How to Negotiate When Buying a New Car

by Kathleen Bunn

When buying a new car, knowing how to negotiate is one of the most important skills you will need. Negotiating the right way, can lead to a lower price, better interest rate, and additional upgrades. As a consumer you hold all the cards. In other words, the car dealer depend on you to buy. So, it is always important to remember, that you must remain in charge at all times when negotiating the price and terms of a new car purchase. Follow the steps listed to learn how to negotiate when buying a new car.

Remember that you are in charge. This is the most important step in negotiating a new car purchase. Start negotiations knowing that you are in charge.

Remain flexible as to the type, color, or style of car you want. Often, a better price can be had on a vehicle that is of a slightly different style or brand than you have in mind. If you walk into a dealership and say you want a blue Ford F150, you limit your choices for negotiation. Consider saying, "I am looking for a pick up truck".

Determine a set price that you want your monthly payment to stay at or below, and don't budge from that amount. When you find the vehicle that you want, explain that the payment cannot be over, for example, $120 a month. The dealer will lower finance charges, drop the price of the car, or take other actions to get you into that vehicle. Don't ever seem like you would pay more per month, or you will be paying $300 a month instead of $120.
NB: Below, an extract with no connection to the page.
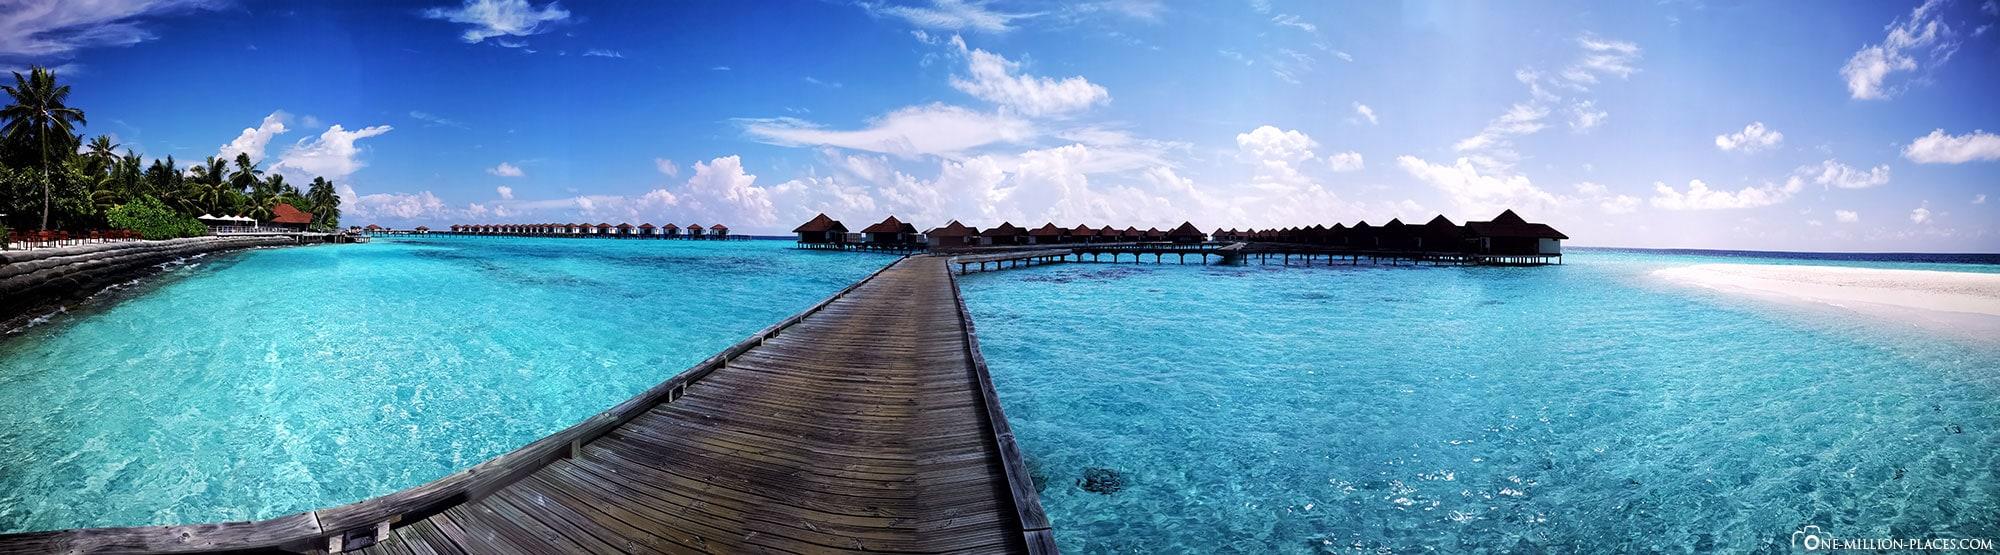 Panoramic jetty, water bungalow, Overwater bungalow, BUM2, ROBINSON Club Maldives, Maldives, Gaaf-Alif-Atoll, travelogue

Shop around. Look at what is available, and narrow your options accordingly. Tell each dealer of the lower prices offered by his competitors. The dealer will race to beat the other price in order to make the sale. In this instance, the knowledge you gained from shopping around is negotiating for you.
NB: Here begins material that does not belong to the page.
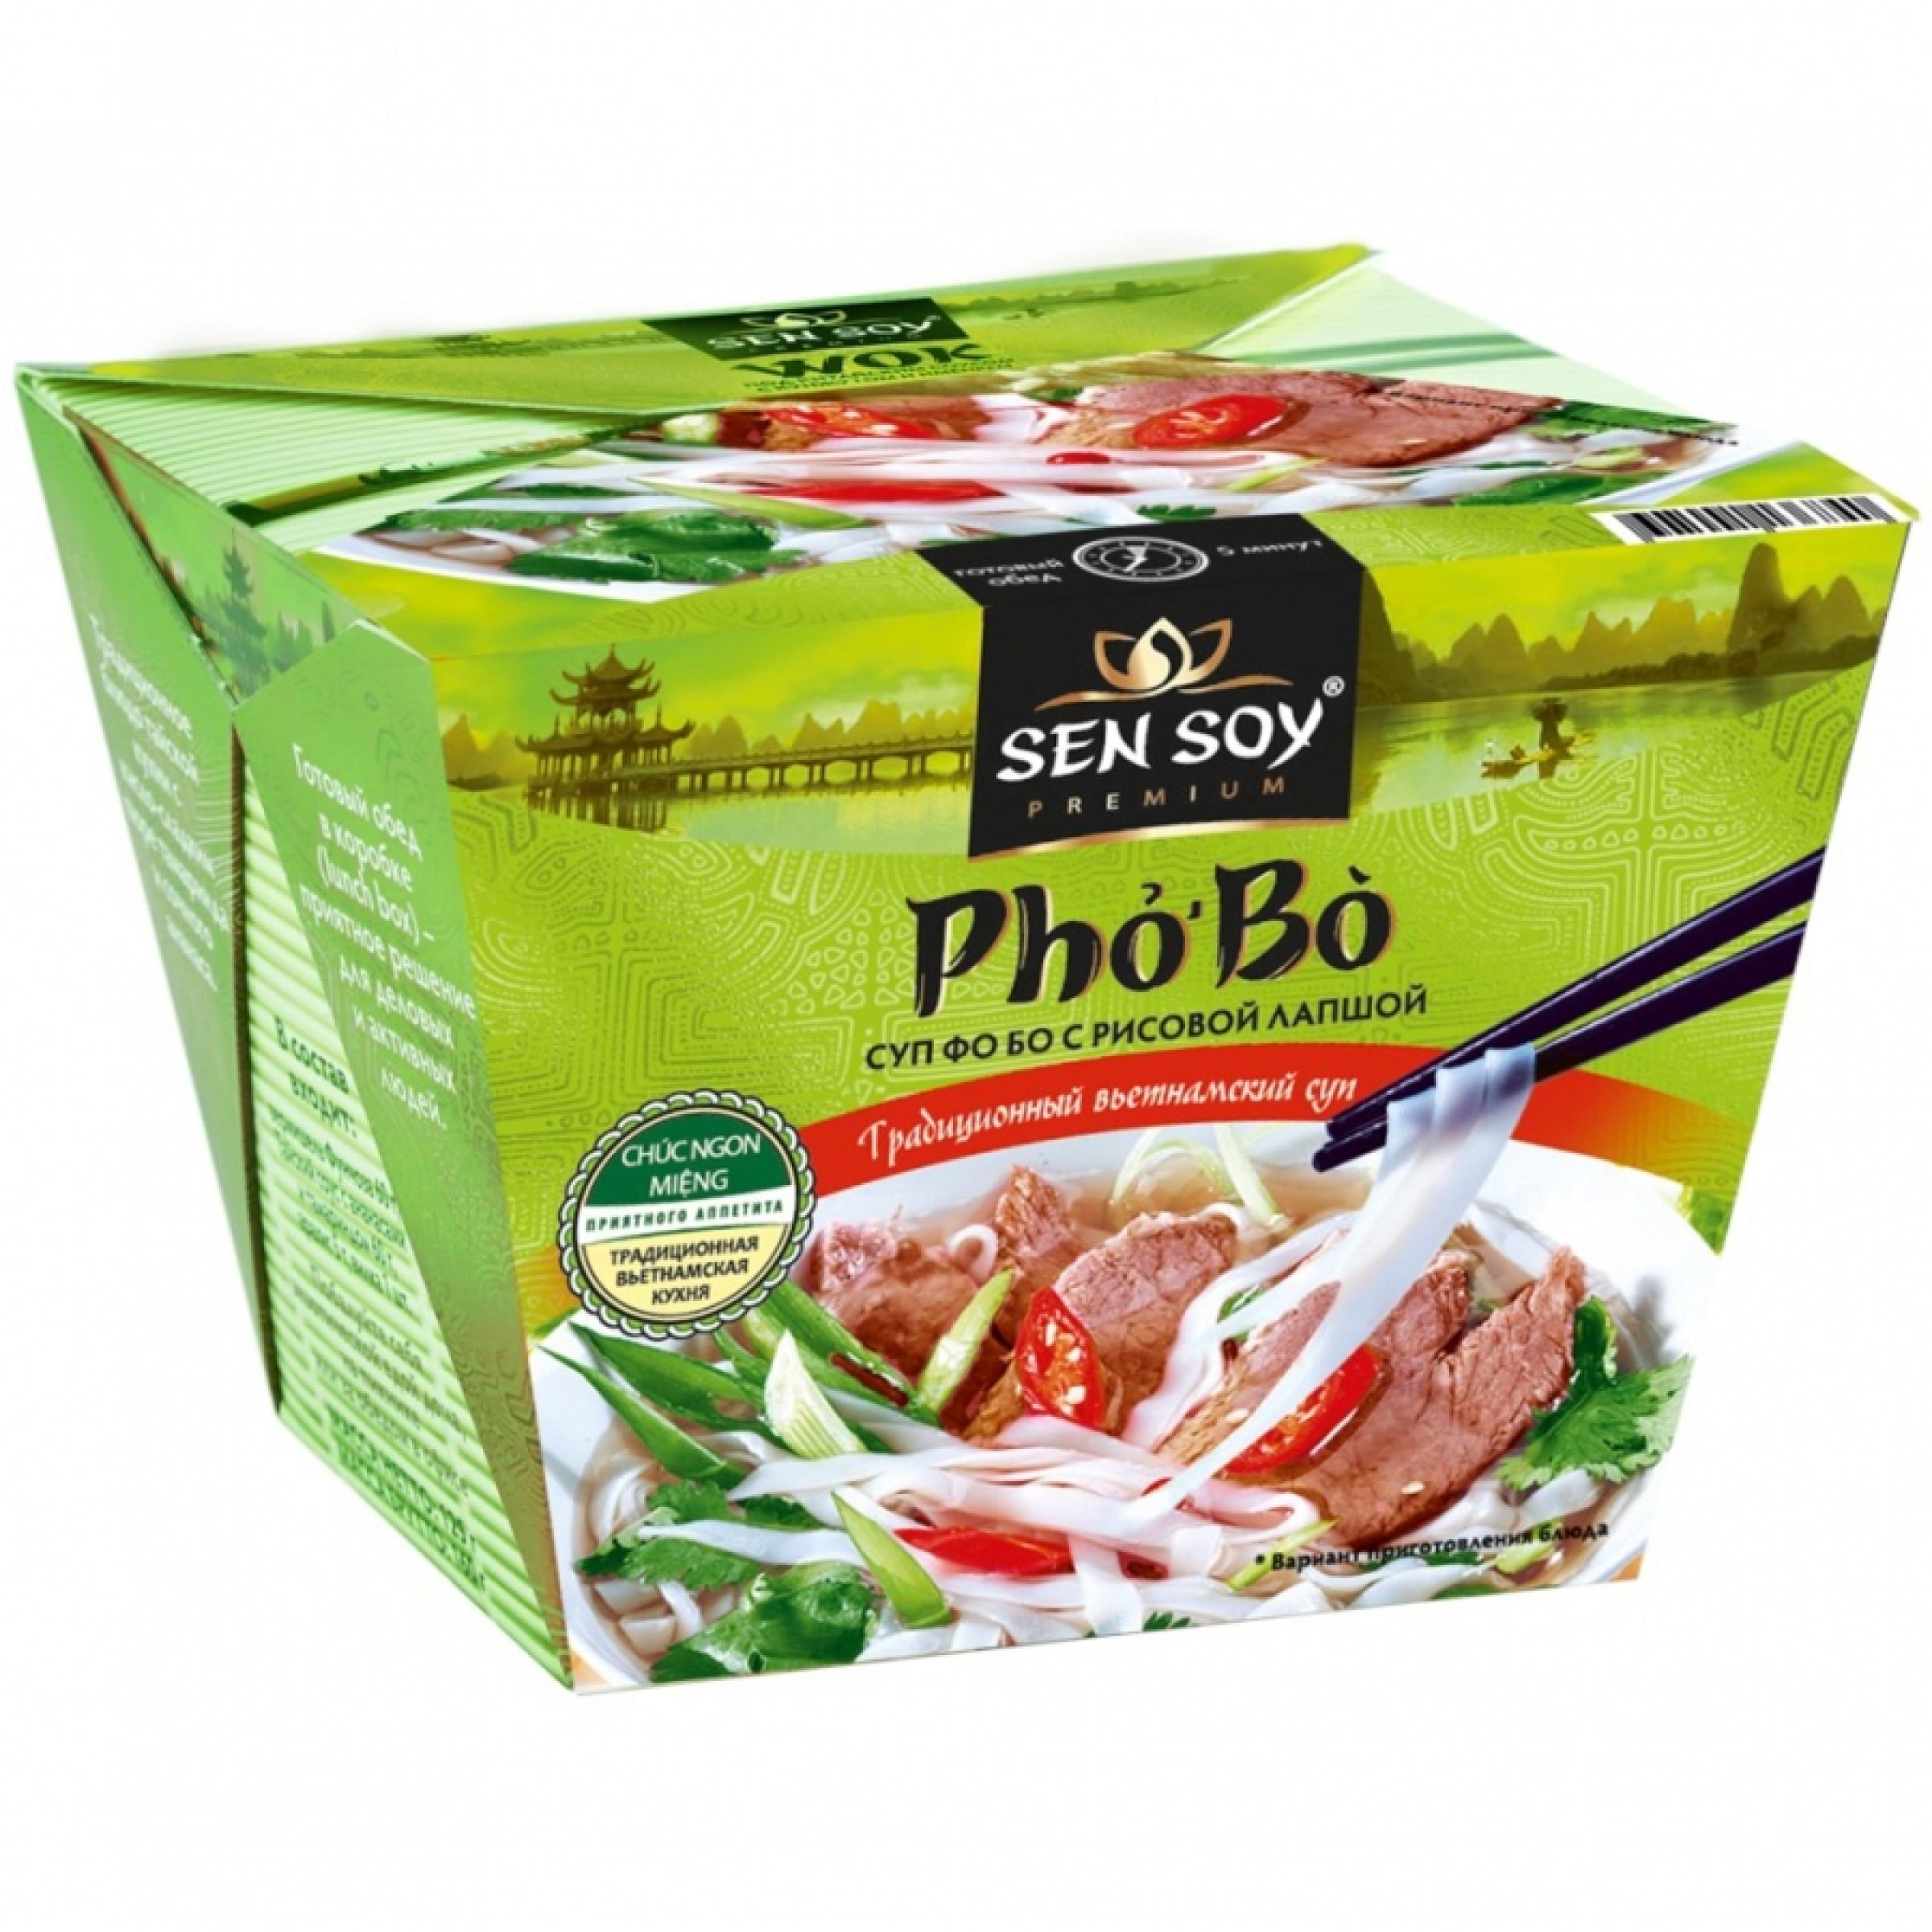 Суп PHO BO с рисовой лапшой Сэн Сой Премиум, 125 гр

Find the value of your trade-in vehicle before visiting the car dealership. Look on the Kelly Blue Book site for the fair trade-in value of your car. If the dealership tries to offer you a lot less, then call him on it, and negotiate a better rate.

Require that an extended warranty be included in the quoted price of the car. Most new cars now come with free extended warranties, but if yours does not, ask that one be included. With the cost of repairs going up, this is an essential negotiating point.
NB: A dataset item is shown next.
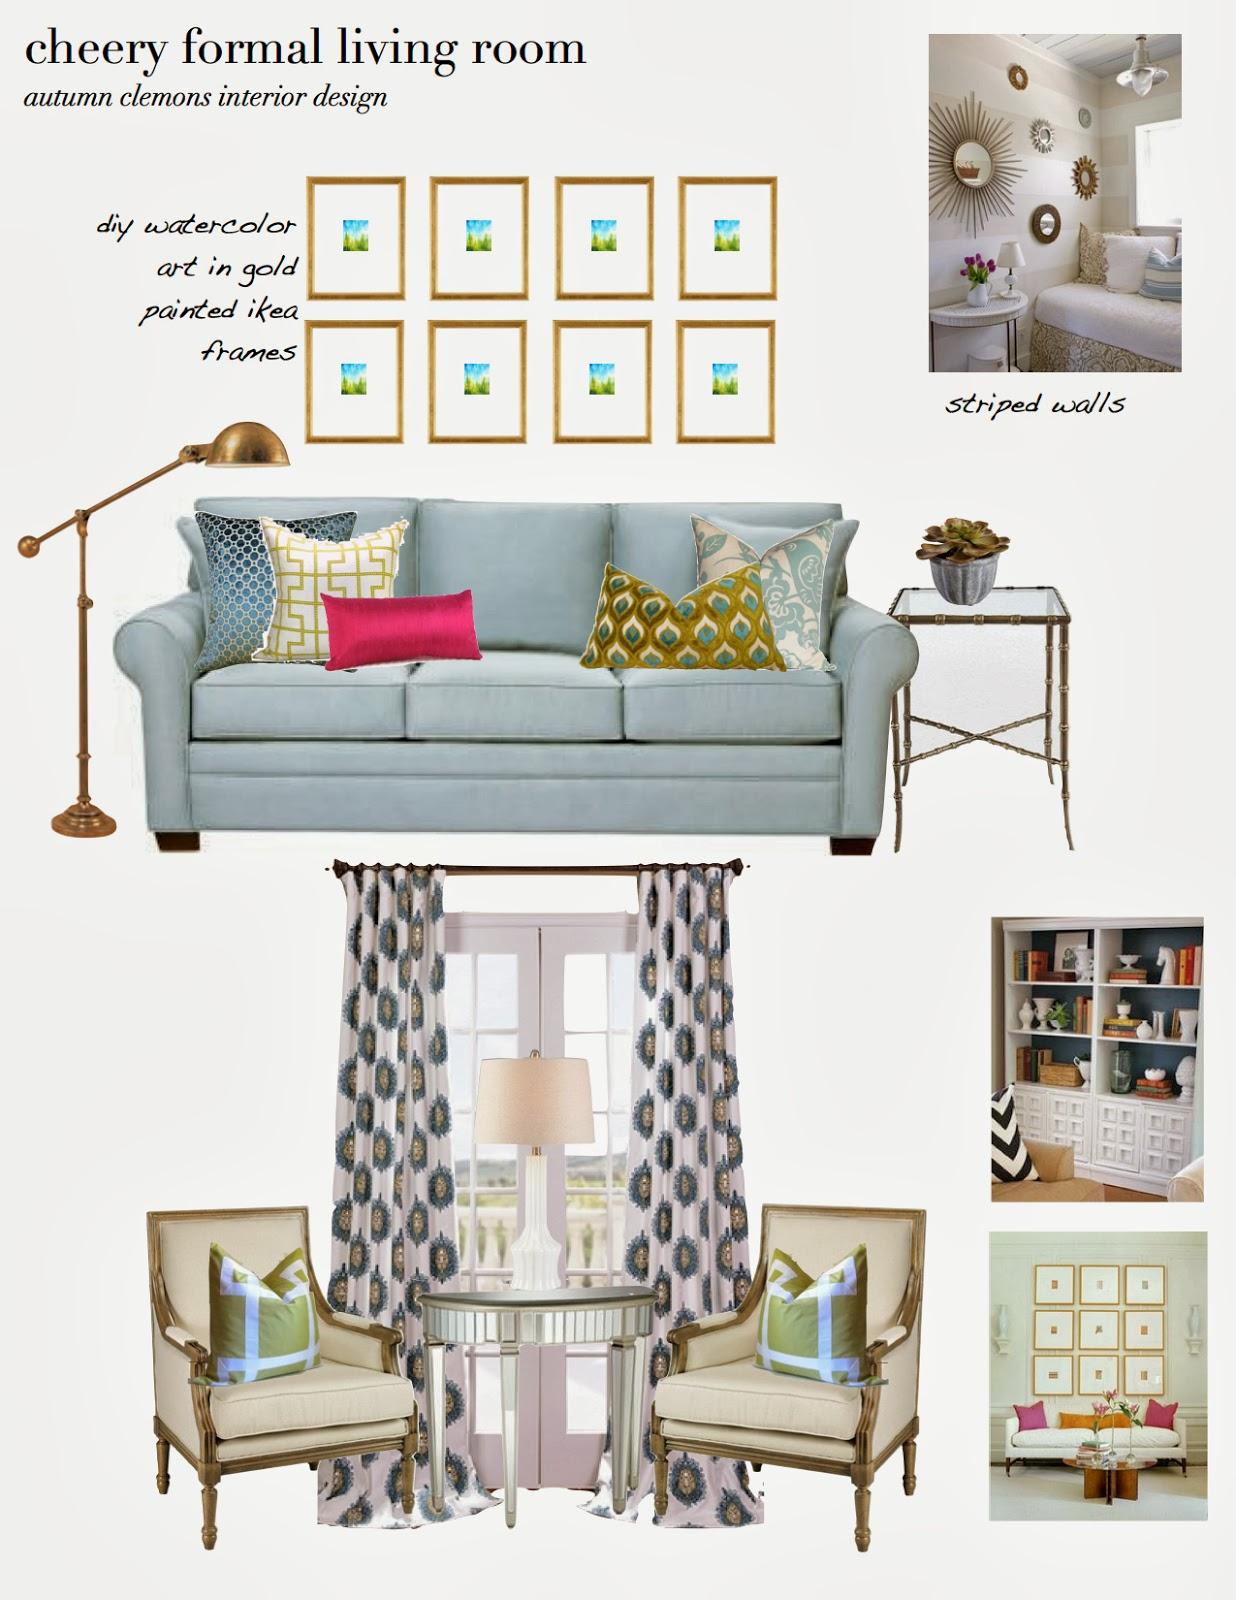 design dump: design plan: cheery formal living room

Ask to speak with another salesperson if you aren't getting satisfaction from the one who is currently helping you. At most car dealerships nationwide, dealers work off of commission. If the person helping you does not want to budge on the price, ask to speak with someone who is a little more eager to make a sale.

Look for something that might be slightly wrong with the vehicle you are purchasing. Even the slightest scratch can result in hundreds of dollars being deducted from the car's price.

Refuse to fall for sales gimmicks or hidden fees by reading all paperwork thoroughly. Don't think or assume that you are getting a lower interest rate. Instead, read all paperwork before signing. The paperwork process is where the car dealership will try to rush you. They will sit you in a room with someone who speaks really fast, encouraging you to sign papers you have barely looked at. Don't fall for any of this. You can take as long as you need to go over all the paperwork involved.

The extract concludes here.